Here's a funny one. I was actually writing an answer for another question when I found some unexpected result using filter
or generator. I have a list of file paths:
paths = ['/directoryb/baba.txt', '/directorya/nigel.txt', '/directoryb/ralph.txt', '/directorya/jim.txt'
I make the set of different directories in the paths list:
from os.path import dirname
dirs = {dirname(path) for path in paths}
And now I want to make a list of generators (or even a generator of generators), each one containing the elements of paths
in the same directory. And so I do:
dirs_iter = [(path for path in paths if path.startswith(dir)) for dir in dirs]
Wasn't I surprised after running:
for dir_iter in dirs_iter:
for path in dir_iter:
print(path)
And obtaining the following:
/directorya/nigel.txt
/directorya/jim.txt
/directorya/nigel.txt
/directorya/jim.txt
This is clearly wrong. And yet, if I use the following sentence:
# now I'm generating the lists instead of using generators
dirs_iter = [[path for path in paths if path.startswith(dir)] for dir in dirs]
The printing loop shows the expected answer:
/directoryb/baba.txt
/directoryb/ralph.txt
/directorya/nigel.txt
/directorya/jim.txt
If I use filter
and/or map
instead of generators:
dirs_iter = map(lambda dir: filter(lambda path: path.startswith(dir), paths), dirs)
I get the wrong answer too EDIT: The map
/filter
version actually works.
What's going on here?
The name dir
is a closure and looked up when executing the generator, not when defining it. By that time dir
was last bound to the last value in dirs
:
>>> from os.path import dirname
>>> paths = ['/directoryb/baba.txt', '/directorya/nigel.txt', '/directoryb/ralph.txt', '/directorya/jim.txt']
>>> dirs = {dirname(path) for path in paths}
>>> def echo(value):
... print('echoing:', value)
... return value
...
>>> dirs_iter = [(path for path in paths if path.startswith(echo(dir))) for dir in dirs]

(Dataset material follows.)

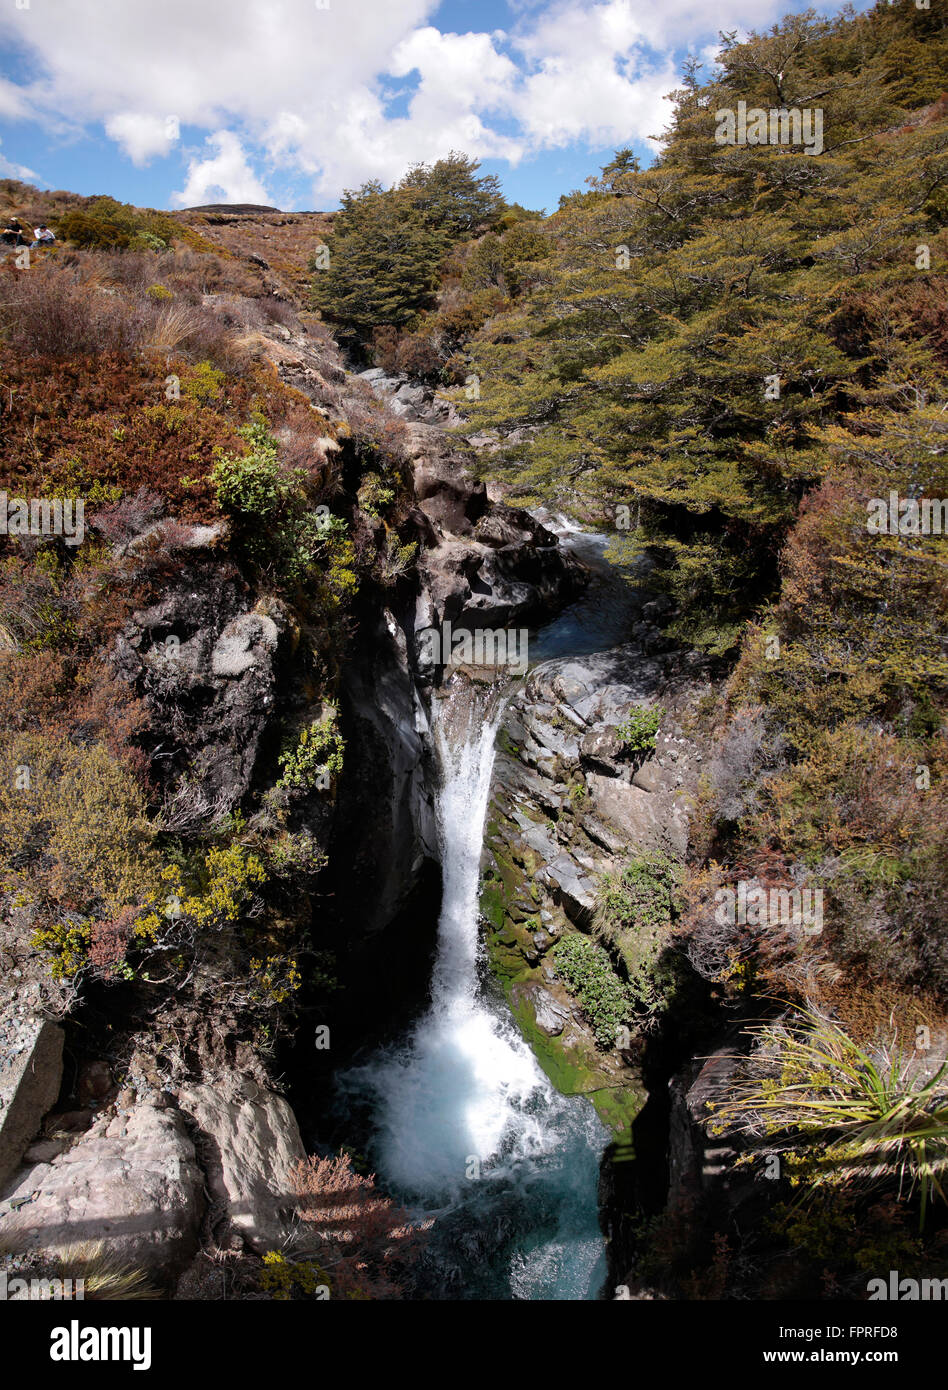 Waterfall in Tongariro National Park, Manawatu-Wanganui, New Zealand - Stock Image

>>> for dir_iter in dirs_iter:
... print('Iterating over the next dir_iter generator')
... for path in dir_iter:
... print(path)
...
Iterating over the next dir_iter generator
echoing: /directoryb
/directoryb/baba.txt
echoing: /directoryb
echoing: /directoryb
/directoryb/ralph.txt
echoing: /directoryb
Iterating over the next dir_iter generator
echoing: /directoryb
/directoryb/baba.txt
echoing: /directoryb
echoing: /directoryb
/directoryb/ralph.txt
echoing: /directoryb
>>> list(dirs)
['/directorya', '/directoryb']
Because Python 3 uses a random hash seed, in my run /directoryb
was last rather than /directorya
, but you can see that only when we actually iterated over the dir_iter
generator that the dir
value is accessed (and echoed), and that at that time it is set to one value. The list(dirs)

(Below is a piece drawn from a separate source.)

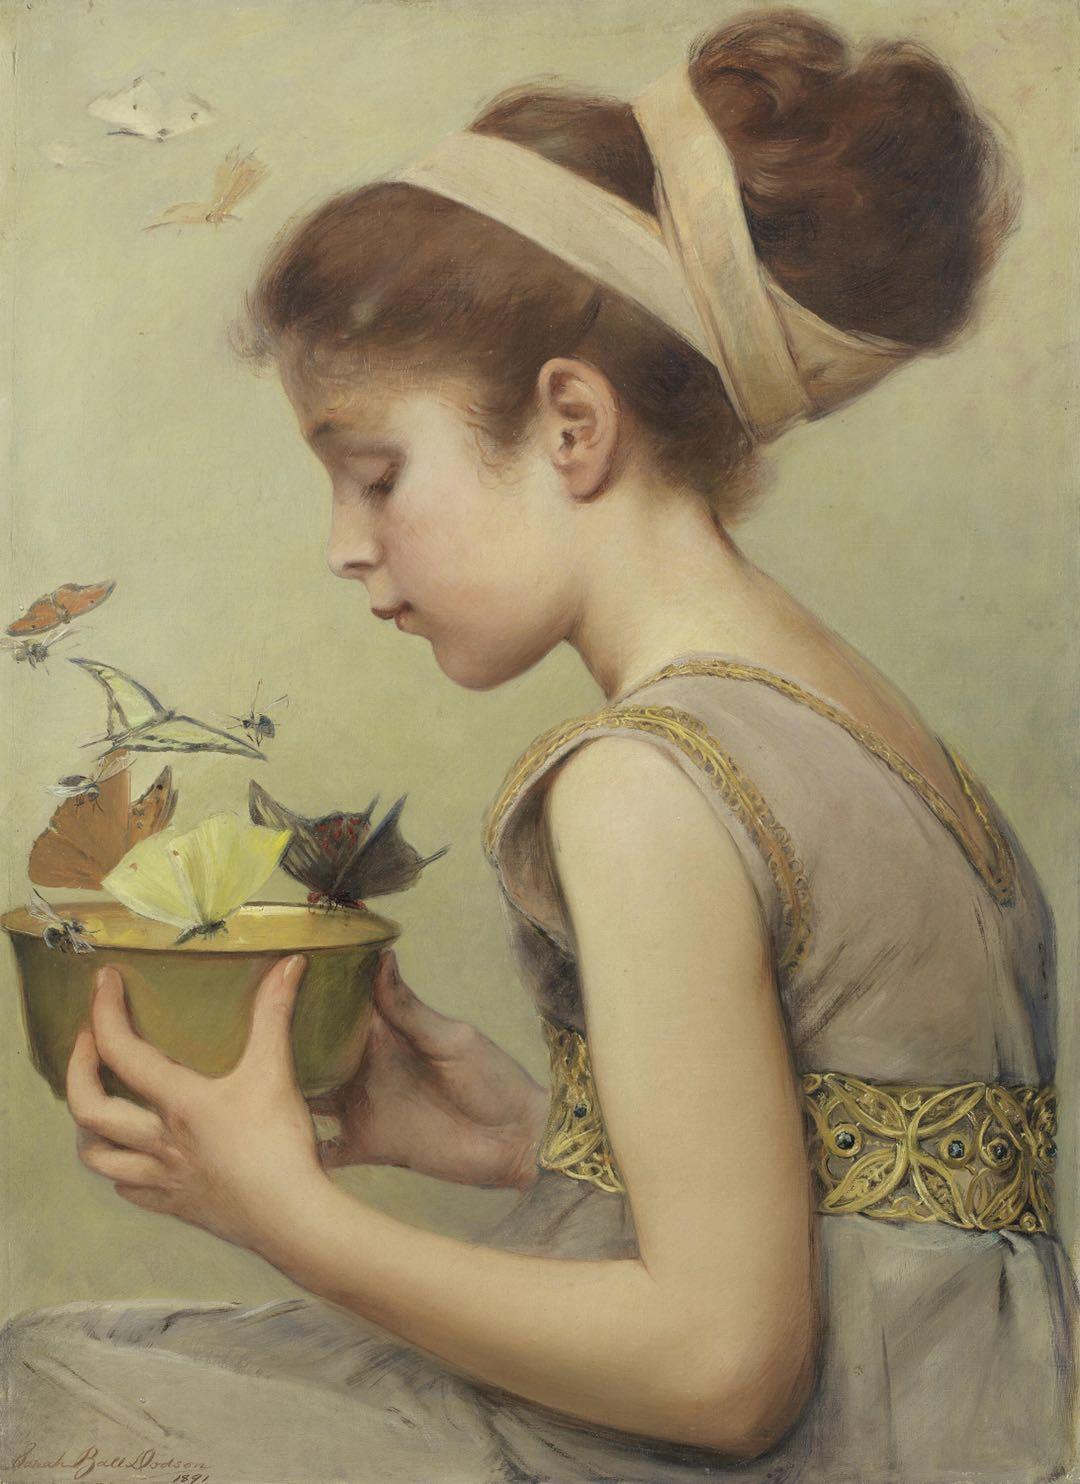 【Dailyart】新艺术细节和《蝴蝶》图案 诠释了一个时代

line shows in what order the dirs
set is yielding its values.
Note that filter()
does not have this problem; your map()
and filter()
combo works just fine:
>>> dirs_iter = map(lambda dir: filter(lambda path: path.startswith(dir), paths), dirs)
>>> for dir_iter in dirs_iter:
... for path in dir_iter:
... print(path)
...
/directorya/nigel.txt
/directorya/jim.txt
/directoryb/baba.txt
/directoryb/ralph.txt